If you’re looking for act-as-you-read-it advice, this comprehensive section will not disappoint. Separately addressing work interruptions, email, group chat, meetings, your smartphone, your desktop, online articles and feeds, Nir offers practical solutions to help tech-lovers operate more intentionally. Some of my favourite quick wins:

  • Interruptions: Physical signals of deep work blocks to ensure those in your space don’t disturb your focus (I loved his wife’s concentration crown!).
  • Email: Office hours for non-urgent enquiries – template a response explaining the sender can schedule a 15-minute call if the matter is still important during your next reoccurring window for such things (e.g. Thursdays 4:30 – 5pm)
  • Group chat: Avoid the ‘thinking out loud’ effect by asking colleagues to document their thoughts on more complex topics separately and chime in once they’ve come to a conclusion
  • Meetings: Like chat meetings aren’t for outsourcing the hard work of thinking.

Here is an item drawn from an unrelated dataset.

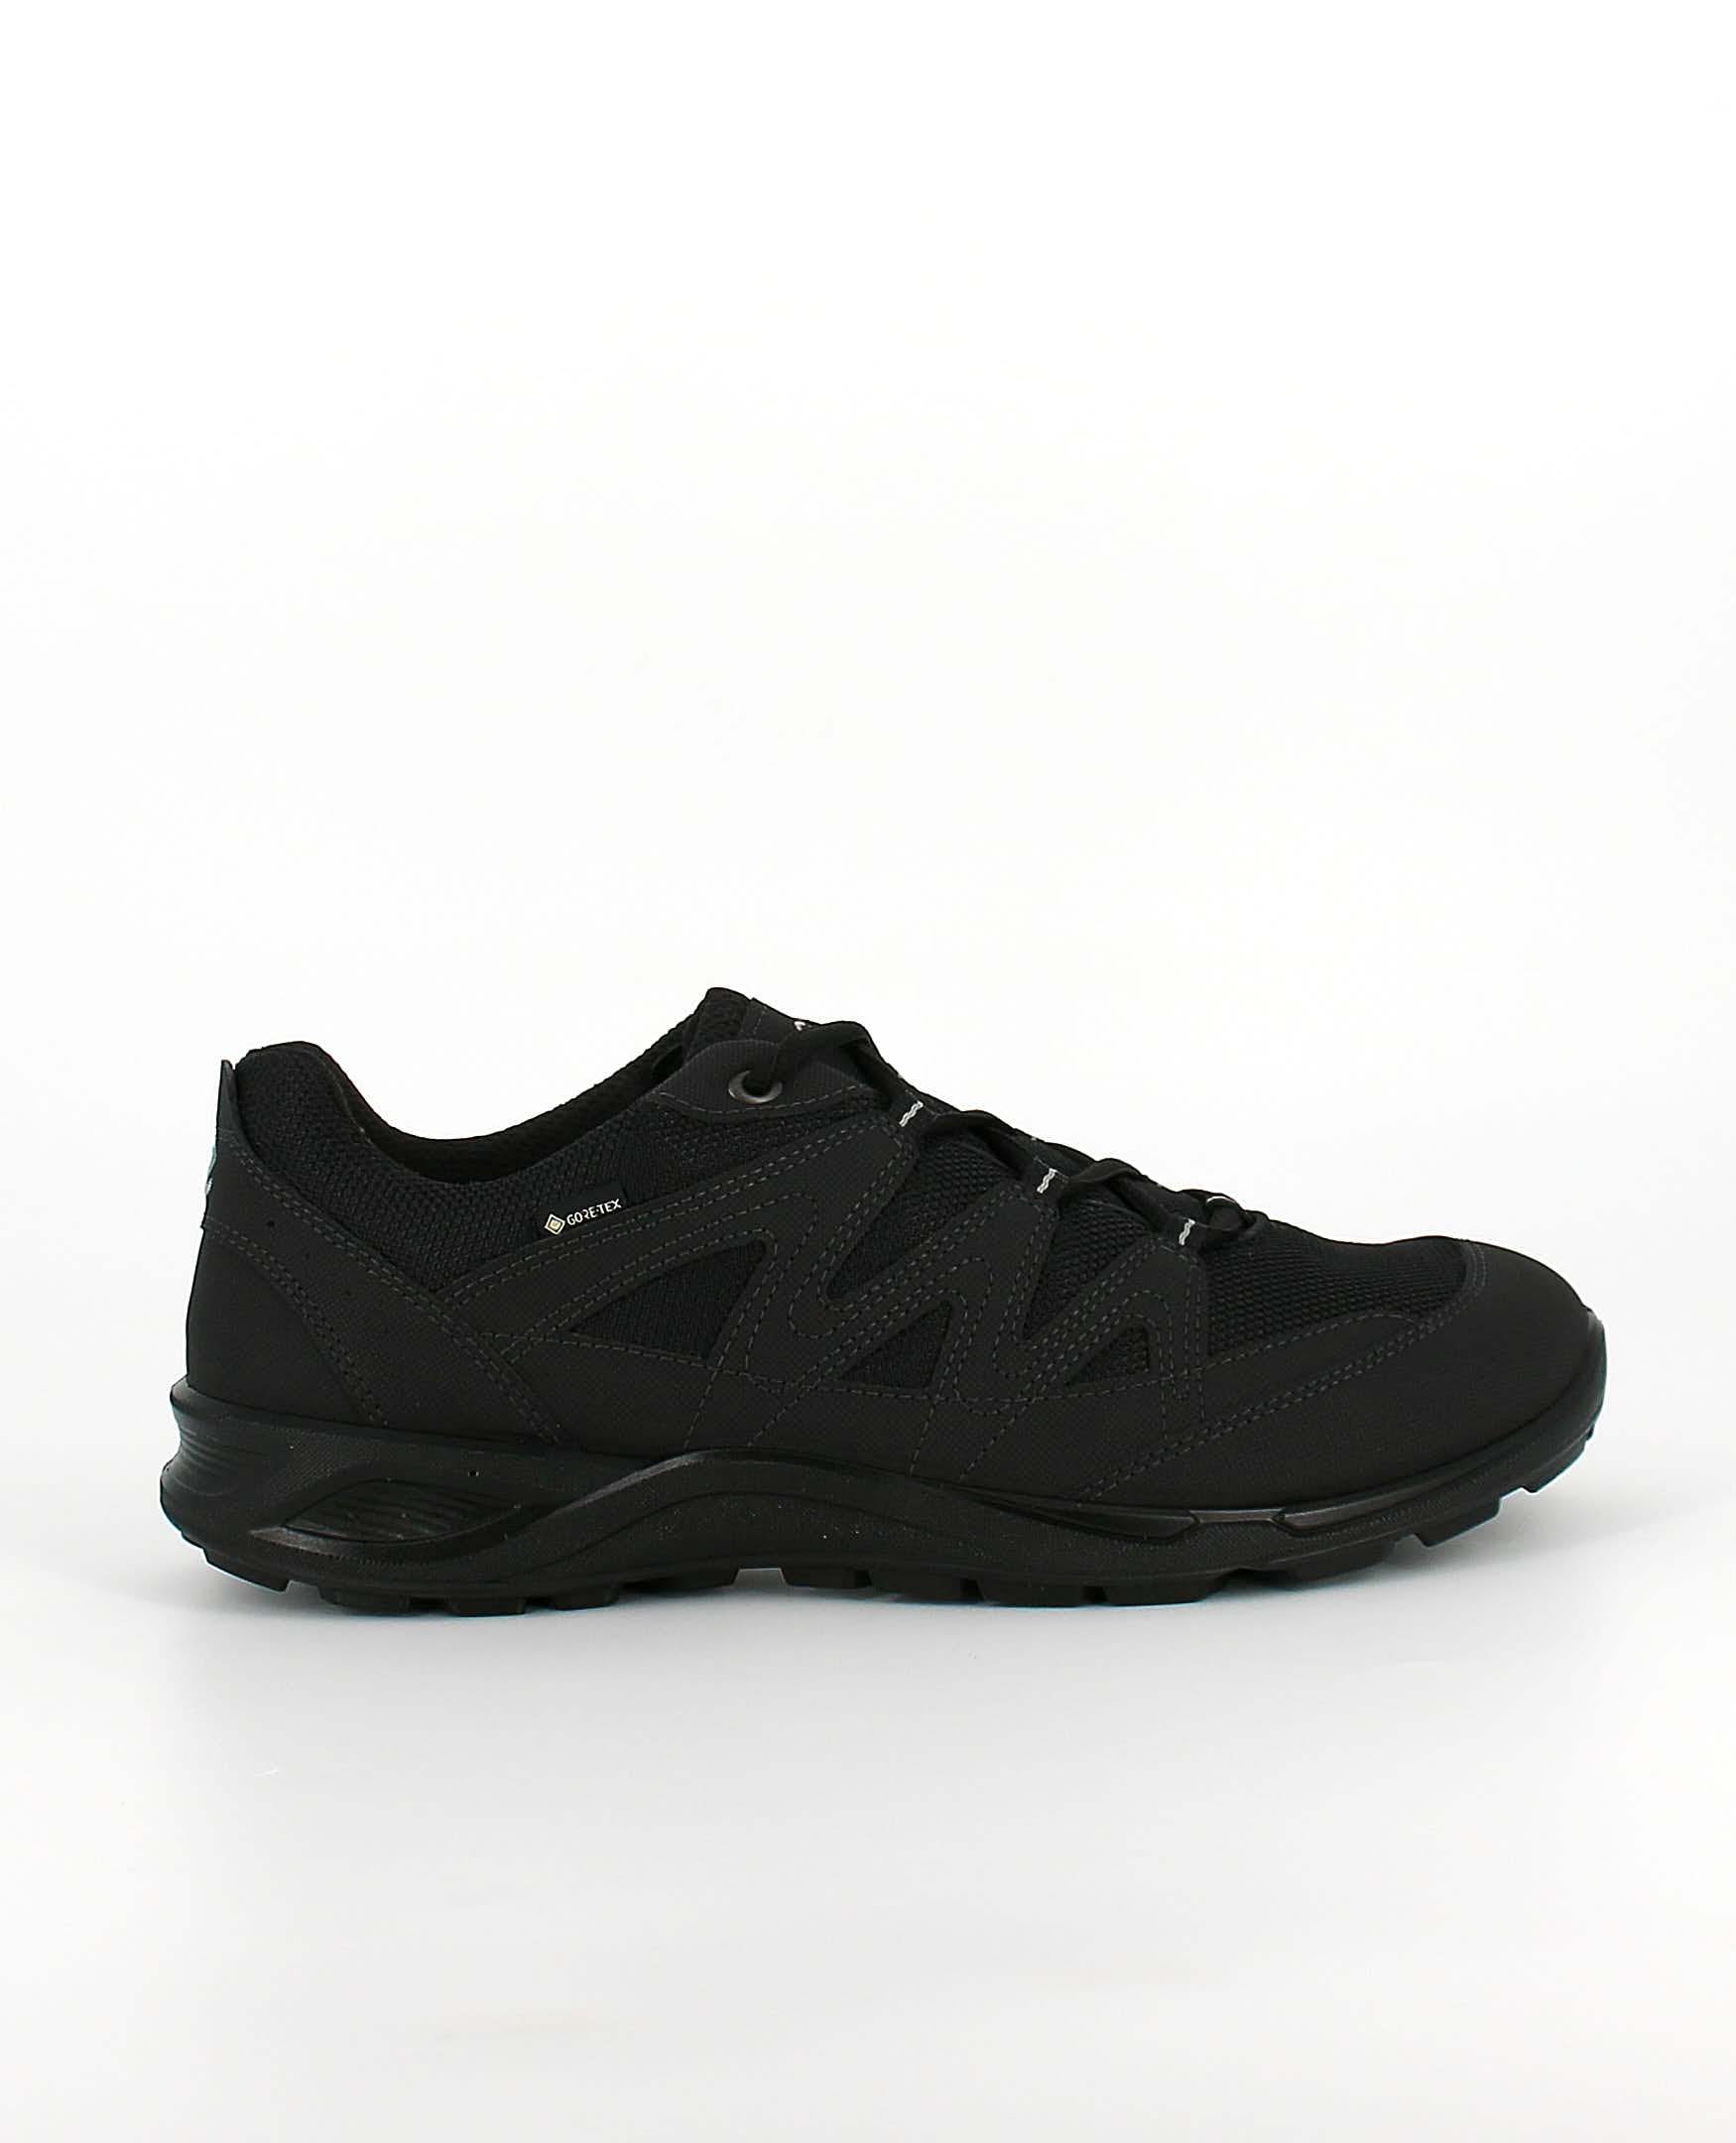 The side of the Ecco Terracruise LT M, in Black.

A brief written digest circulated advance ensures the work has at least started and gets everyone on the same page quicker.
  • Smartphone: Check your settings for new notification and screen time options – there may be a more nuanced combination available since you last looked.
  • Online articles: Sharing interesting URLs with an app like Pocket can ensure you’re saving articles to explore at the right time (ad-free), without tempting yourself with a collection of open tabs.  
  • Feeds: There are a range of newsfeed eliminators available as in-browser extensions that can allow you to visit pages you want without being distracted by a never-ending feed.
I updated my downtime settings to keep me out of social apps at certain times. I still occasionally choose to override them, but I've enjoyed having an extra reminder to be intentional about it. Setting app limits has also improved my perception of how much time I spend on certain apps, and reflect on their highest-values uses. 
I've started using Pocket for saving online articles, and it's helped me cut back on those open tabs and keep focused. I was hoping the readback function would be a little easier to listen to; while there are a huge range of voice and accent options, the robotic phrasing is still a bit jarring. I've still found it useful as a bookshelf for collecting articles to read at the right time. 
News Feed Eradicator looks great in my browser, but unfortunately socials are most likely to tempt me on my iPhone, where there doesn't seem to be an equivalent app yet.

Becoming Indistractable

Indistractable reinforced findings and advice I’ve come across elsewhere as a time management researcher, and shares new ideas and approaches. It was truly refreshing to read strategies that support concentration alongside technology use, rather than suggesting abstinence. I encourage you to check out how you can put it to action in your own life.